MY AMBITION …..

…… for more years than I can remember has been to own a car park situated above a beautiful beach in the West Country.

I would build myself a very comfortable shed with tea making facilities, a sofa and an interweave connection.

I would practice discrimination.

Nice looking families with polite parents and children would pay 50p a day.

Dodgy looking troupes with ‘orrible, noisy kids and parents that look as though they would drop litter and play loud music would have to pay £100 an hour.

No dogs allowed.

Single blokes not allowed.

Goddesses in skimpy bikinis would be paid.

I have no idea if I’d lose or make a fortune ……. but I’d still like to do it.
.

11 Comments

  1. Posted July 14, 2009 at 7:33 am | Permalink

    “Goddesses in skimpy bikinis would be paid” be careful what you wish for
    http://www.mygtv.net/wp-content/uploads/2009/07/fat-bikini.jpg

    daddyp replied:

    I suppose I could use her as a climbing feature …… feeling slightly odd now …. perhaps a little lie down would be a good idea …… *thud* ……

    …. [don't worry - I'll be fine ..

    .... probably]

    John replied:

    I think he’s about to come out of the closet with those chains she’s accessorizin’ with, 70s.

    daddyp replied:

    Funny you should mention that ……. tee hee

    daddyp replied:

    *clank*

    John replied:

    Reminds me of Robert Duval in that deleted scene from THX-1138, it’s on the special release DVD.

    daddyp replied:

    Does this mean I’ve got to go out to the shops again? ……. oh, well, if I must …*drags feet ….. and ball and chain*

    John replied:

    It’s worth the trip. Do stop and get some ice cream for Lo while you’re out. In an edible cone for there, not for while the movie plays.

    gitwizard replied:

    Maybe you can help out with this poor orphan at Wikipedia?

    This article is an orphan, as few or no other articles link to it. Please introduce links to this page from other articles related to it. (August 2008)

    NATO reporting name/ASCC names for transport aircraft, with Soviet designations, sorted by reporting name:

    * “Clank” Antonov An-30

    John replied:

    Didn’t worry about nomenclature during the Cold War. Ground forces were one thing, but we were in so deep at times anything in the sky was the enemy.

    You could smell the fresh peelings of potatoes pressed between the thighs of…oh, sorry.

    gitwizard replied:

    Oh dear! I hope that’s not the reason that Bonelli’s Eagle has no reliable observations of
    nesting within the USSR for several decades.

    daddyp replied:

    I got to the word ‘thigh’ and my mind started wandering …… what’s going on?

    70steen replied:

    gawd blimey it has got too bizarre here even for me !!!!!!!!!!!!!!!! .

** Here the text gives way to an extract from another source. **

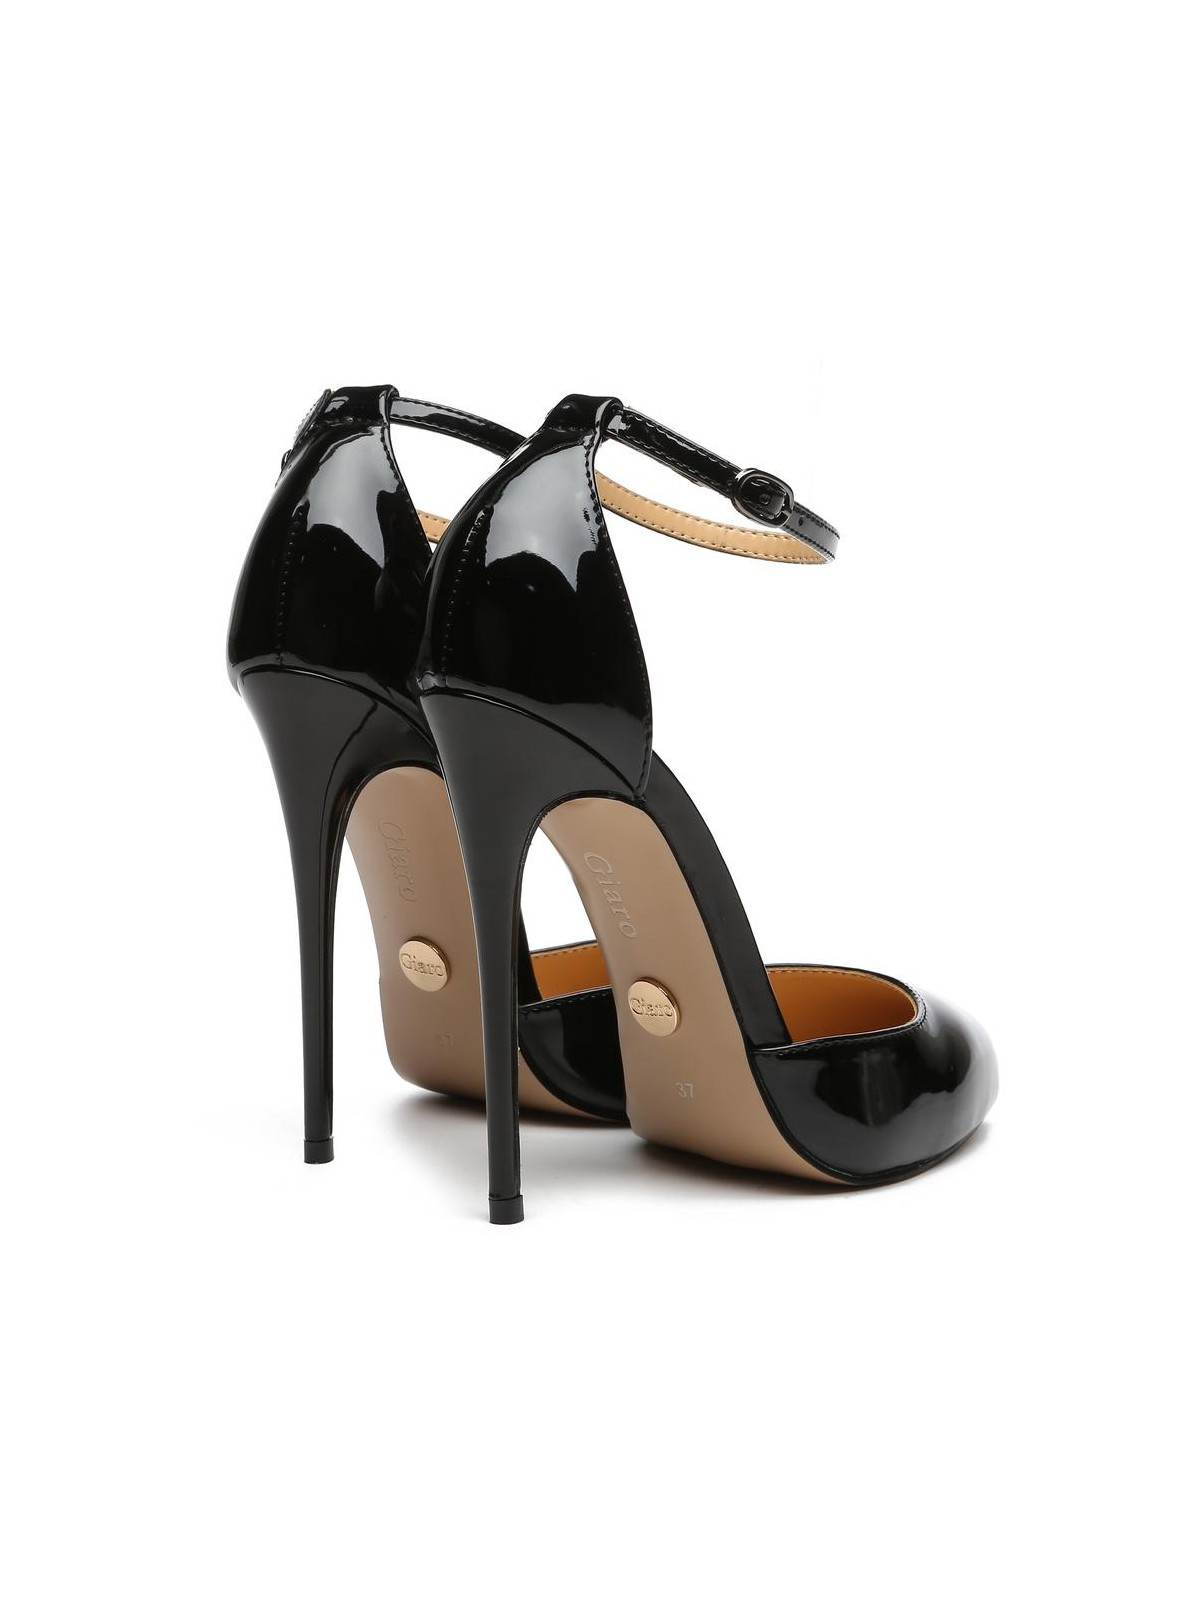 Giaro TAYA BLACK SHINY PUMPS - Giaro High Heels

    *watching at a safe distance* phew!

    daddyp replied:

    Luckily today has gone now ….. things can only get better …… can’t they ……. ?

    John replied:

    …thighs of subservient chickens lashed to racks somewhere in the icy cold winds of Mother North.

    Chicken Gulag 13

    fracas replied:

    Chicken Gulag 13 is located (of course) in Fracskatchewan. It’s conveniently situated right next to Lestock (doesn’t that just make sense… saves on shipping costs). The gulag is also close enough to the towns of Duck Lake, Gull Lake and Loon Lake, to create a bit of a deterrant effect. I can swear there have been no crimes committed by birds in any of those towns. I highly recommend other governments consider creating the same kind of situation.

    daddyp replied:

    ….. and I thought things were going to improve ….. oh dear ….. it’s too early for a large malt I suppose? …..

    70steen replied:

    the yard arm will have the sun over it somewhere in the world!!!

    daddyp replied:

    I think I’ll settle for a soothing Earl Grey and a gingernut …….

    John replied:

    Uh…Fracas….

    You’re in what’s considered ‘Sister North by Northwest’, really. Russia came around long before Canada.

    Unless your admitting to the dead bodies of ‘used’ chickens found the morning after, strung up with blood and other body fluids dripping while steam whifts softly crying to the Chicken Goddess for revenge.

    Cause that’s what happens to Vodka makin’ chickens when they can’t squeeze no more potatoes between their thighs.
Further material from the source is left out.